Bonjour, peux-tu te présenter, et introduire Business For Satan à nos lecteurs qui ne te connaîtraient pas encore ? Pourquoi avoir choisi ce nom ?

Bonjour à tous.

Tout d'abord, merci pour l’intérêt que tu portes à mon travail et merci de partager mes travaux sur votre webzine.

Business For Satan est le nom que je me suis donné lorsque j'ai démarré mon activité dans l'illustration il y a maintenant trois ans. Ce nom m'est venu assez rapidement.

L'art n'a jamais vraiment été pris au sérieux chez mes parents. Ils ne voyaient pas ça comme une véritable orientation professionnelle. Moi, j'ai toujours aimé dessiner. En cours je passais mon temps à amuser mes potes en leur faisant des dessins plutôt trash et gore au lieu de prendre des notes comme tout le monde. Ces dessins effrayaient mes parents. Pas forcément bizarre quand ton enfant dessine le diable qui fait des trucs pas très catholiques à des femmes. Ils détestaient ça. Ils voyaient ça comme quelque chose de mal, qui nuisait à ma santé mentale. Ils disaient même que c'était diabolique, que ce n'était pas moi qui faisais ces choses. Dès qu'ils tombaient sur un de mes dessins, il le détruisait ou le faisait étudier par des psys...

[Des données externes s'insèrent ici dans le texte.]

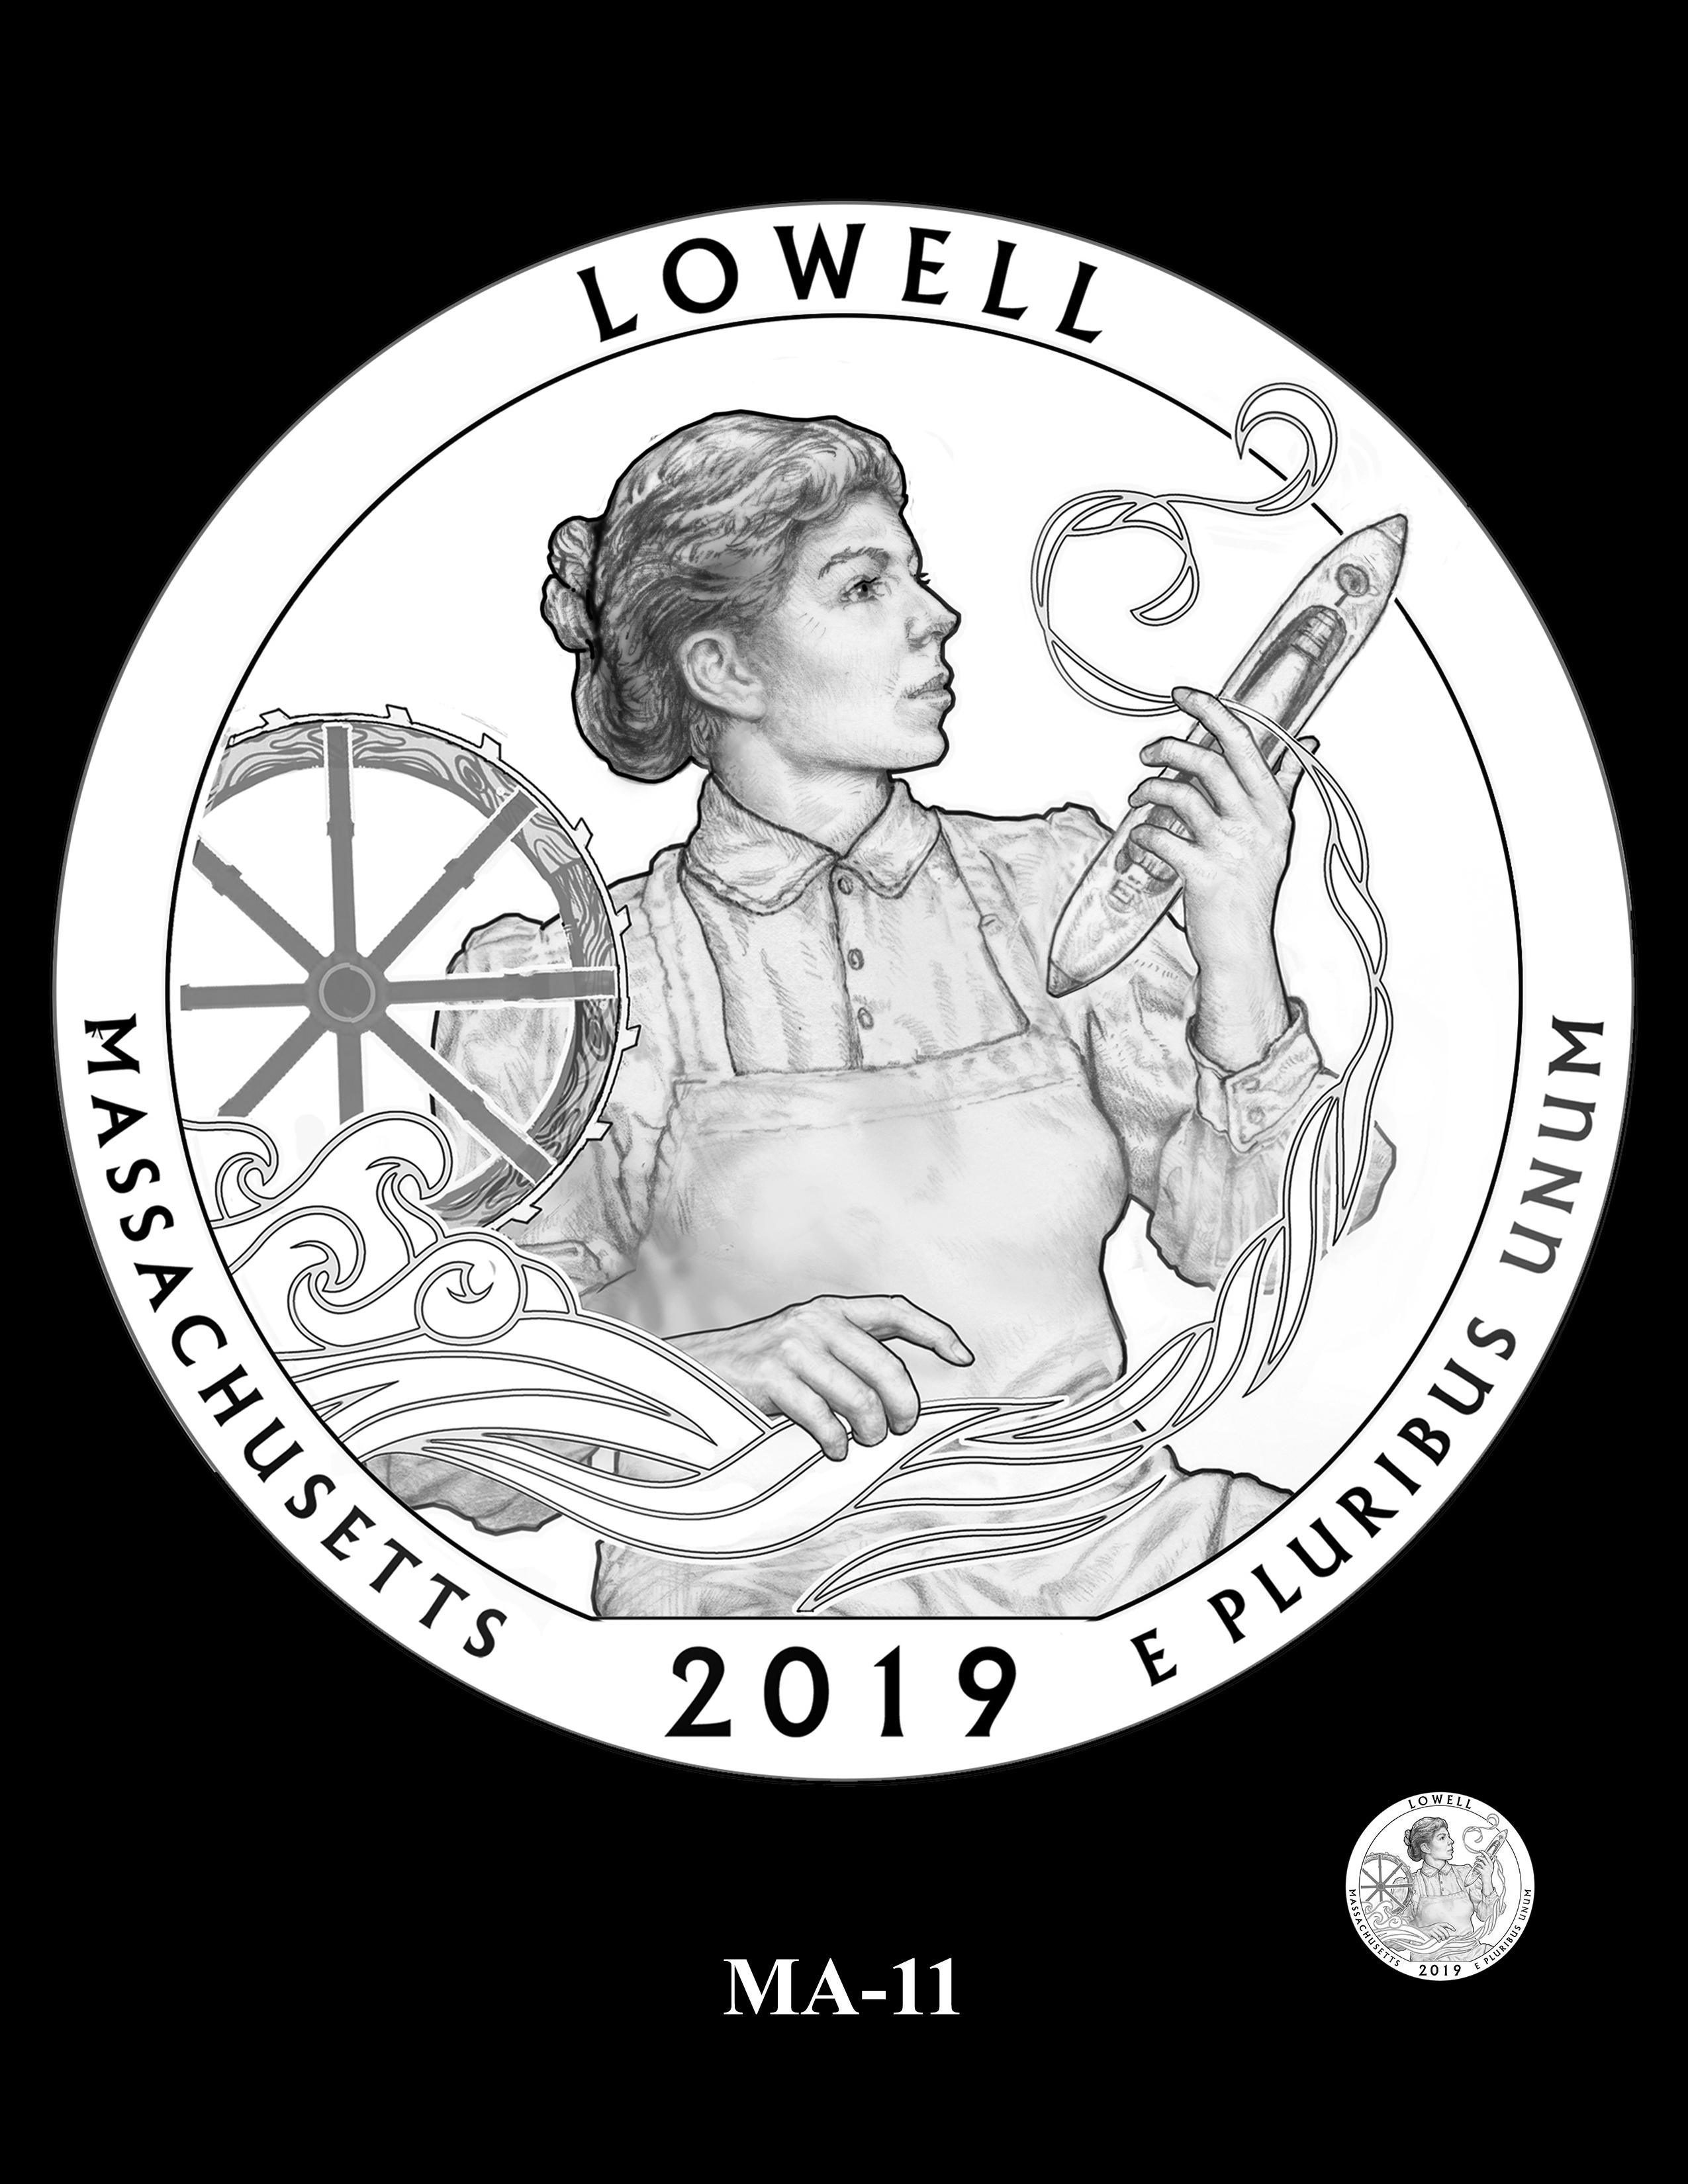 MA-11 -- 2019 America the Beautiful Quarters® Program

Aujourd'hui ils sont heureux de voir que tout ça a finalement pris un sens dans ma vie.

Bref, c'est là que m'est venue l'idée. En m'y remettant sérieusement des années plus tard, alors que j'avais complètement laissé ça de côté, et en rigolant avec un ami, je lui disais que je dessinais pour le diable, que j'allais en faire mon métier et que je ferais du Business avec lui.

Peux-tu nous en dire un peu plus sur ton parcours (musical, graphique) et comment tu en es arrivé là ?

J'ai commencé la musique très jeune. Dès mes 6 ans, j'étais inscrit dans une école de musique pour y apprendre la trompette, j'y ai appris le solfège. J'ai joué dans un orchestre, fait le conservatoire, mais rapidement mes goûts musicaux ont évolué.

Je crois que c'était en 2001, j'ai acheté mon tout premier magazine de métal extrême. Je m'en souviens encore. J'y ai découvert des trucs qui m'ont tout de suite fasciné, par leurs pochettes, leurs univers et l'ambiance qui s'en dégageait. Alors très vite je me suis mis à la batterie, à la guitare, j'ai monté mes premiers de groupes avec mes potes, j'avais même commencé un projet solo de black métal dépressif en 2004. C'est ce projet qui a fait que j'ai rencontré Antonin sur le web.

Suite à cette rencontre est né Paramnesia. Même si nous avons ensuite été séparés pendant environ 6 ans, le groupe et l'esprit sont restés les mêmes depuis 2005.

Pour ce qui est de mon parcours graphique, tout s’est déclenché beaucoup plus tard.

Je n'étais vraiment pas bon à l'école et j'avais de gros soucis avec l'alcool. Je n'ai pas obtenu mon diplôme du Baccalauréat. Dès mes 18 ans, je suis partie vivre à Strasbourg, j'y ai enchaîné les petits boulots de merde, pour finalement travailler à la Fnac comme vendeur disques et DVD. Je n'avais aucune formation dans le domaine artistique, mais je gardais en moi cette passion, cette envie qui me démangeait de faire des artworks et des illustrations pour mes groupes de musiques préférés. J'ai fait mes dessins dans mon coin, commencé à en publier sur le net sans jamais avoir la prétention ni l'ambition d'en faire quelque chose.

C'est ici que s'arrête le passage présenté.